You can find the words list also in the previous thread.

library(plyr)
library(stringr)

readAndflattenSentiWS <- function(filename) { 
  words = readLines(filename, encoding="UTF-8")
  words <- sub("\\|[A-Z]+\t[0-9.-]+\t?", ",", words)
  words <- unlist(strsplit(words, ","))
  words <- tolower(words)
  return(words)
}
pos.words <- c(scan("Post3/positive-words.txt",what='character', comment.char=';', quiet=T), 
               readAndflattenSentiWS("Post3/SentiWS_v1.8c_Positive.txt"))
neg.words <- c(scan("Post3/negative-words.txt",what='character', comment.char=';', quiet=T), 
               readAndflattenSentiWS("Post3/SentiWS_v1.8c_Negative.txt"))

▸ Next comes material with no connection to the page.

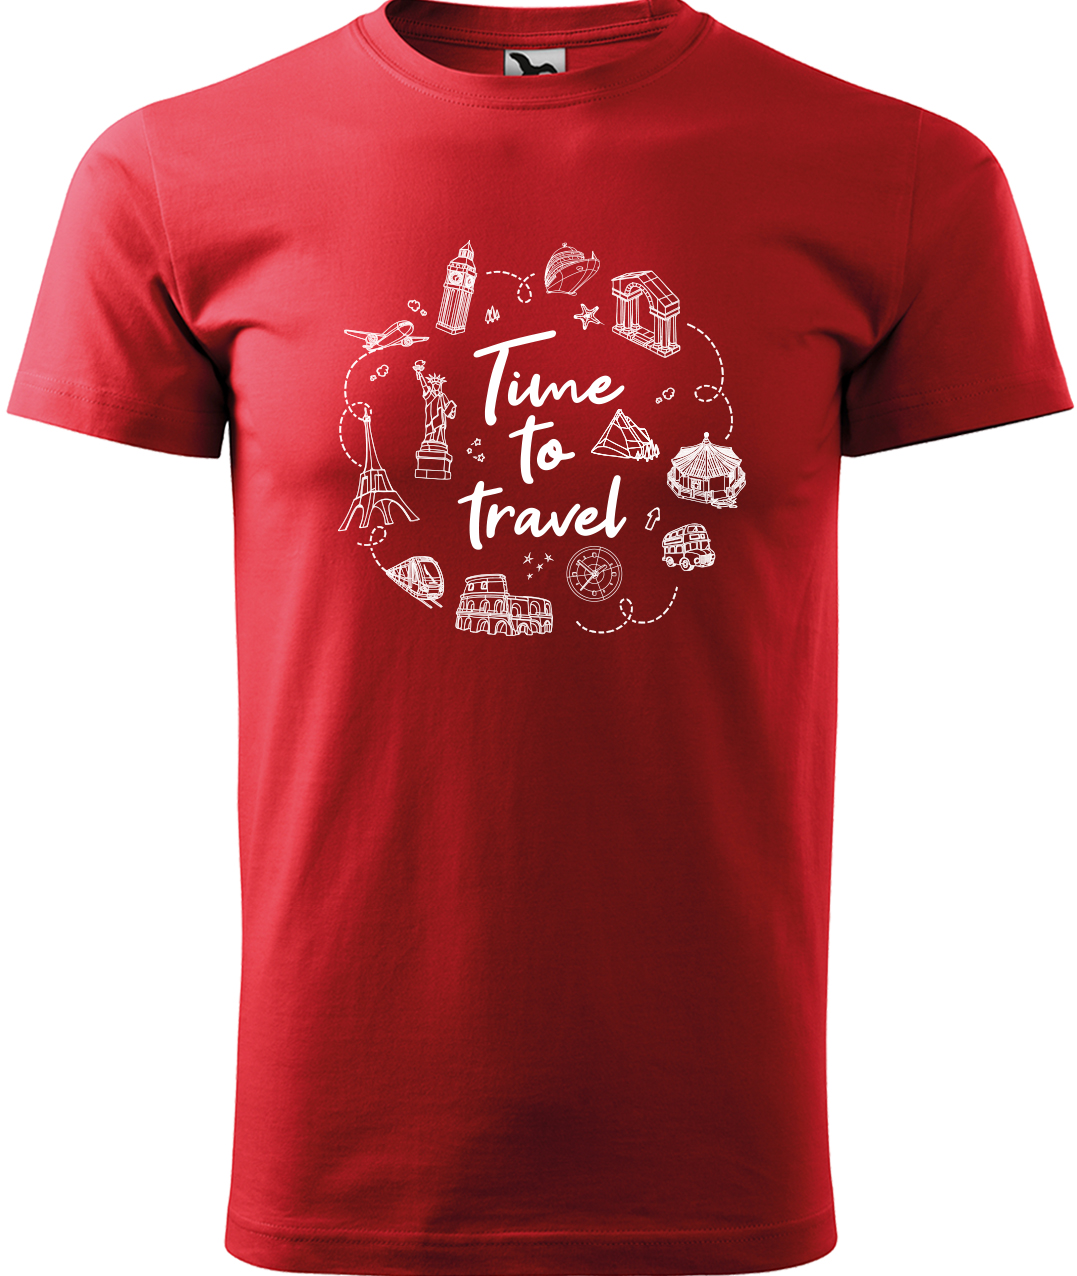 Pánské cestovatelské tričko - Time to travel Velikost: M, Barva: Červená (07), Střih: pánský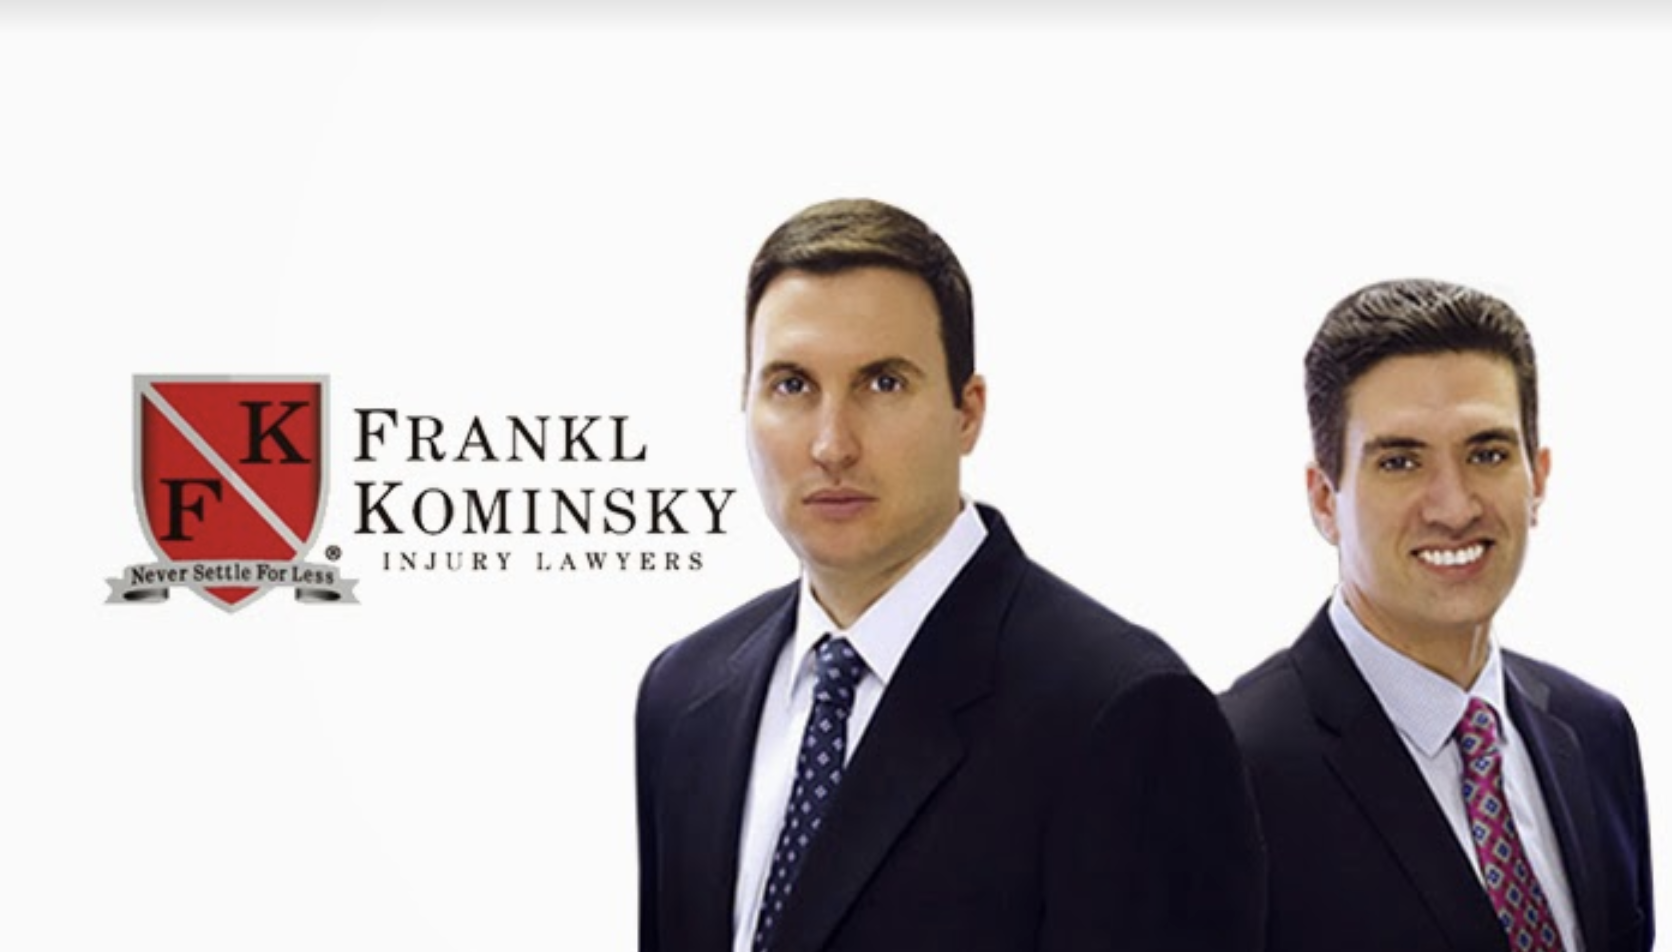 Frankl & Kominsky Injury Lawyers Photo

score.sentiment = function(sentences, pos.words, neg.words, .progress='none') {
  require(plyr)
  require(stringr)
  scores = laply(sentences, function(sentence, pos.words, neg.words) 
  {
    # clean up sentences with R's regex-driven global substitute, gsub():
    sentence = gsub('[[:punct:]]', '', sentence)
    sentence = gsub('[[:cntrl:]]', '', sentence)
    sentence = gsub('\\d+', '', sentence)
    # and convert to lower case:
    sentence = tolower(sentence)
    # split into words. str_split is in the stringr package
    word.list = str_split(sentence, '\\s+')
    # sometimes a list() is one level of hierarchy too much
    words = unlist(word.list)
    # compare our words to the dictionaries of positive & negative terms
    pos.matches = match(words, pos.words)
    neg.matches = match(words, neg.words)
    # match() returns the position of the matched term or NA
    # I don't just want a TRUE/FALSE! How can I do this?
    pos.matches = !is.na(pos.matches)
    neg.matches = !is.na(neg.matches)
    # and conveniently enough, TRUE/FALSE will be treated as 1/0 by sum():
    score = sum(pos.matches) - sum(neg.matches)
    return(score)
  }, 
  pos.words, neg.words, .progress=.progress )
  scores.df = data.frame(score=scores, text=sentences)
  return(scores.df)
}

sample <- c("ich liebe dich. du bist wunderbar",
            "Ich hasse dich, geh sterben!", 
            "i love you. you are wonderful.",
            "i hate you, die.")
(test.sample <- score.sentiment(sample, 
                                pos.words, 
                                neg.words))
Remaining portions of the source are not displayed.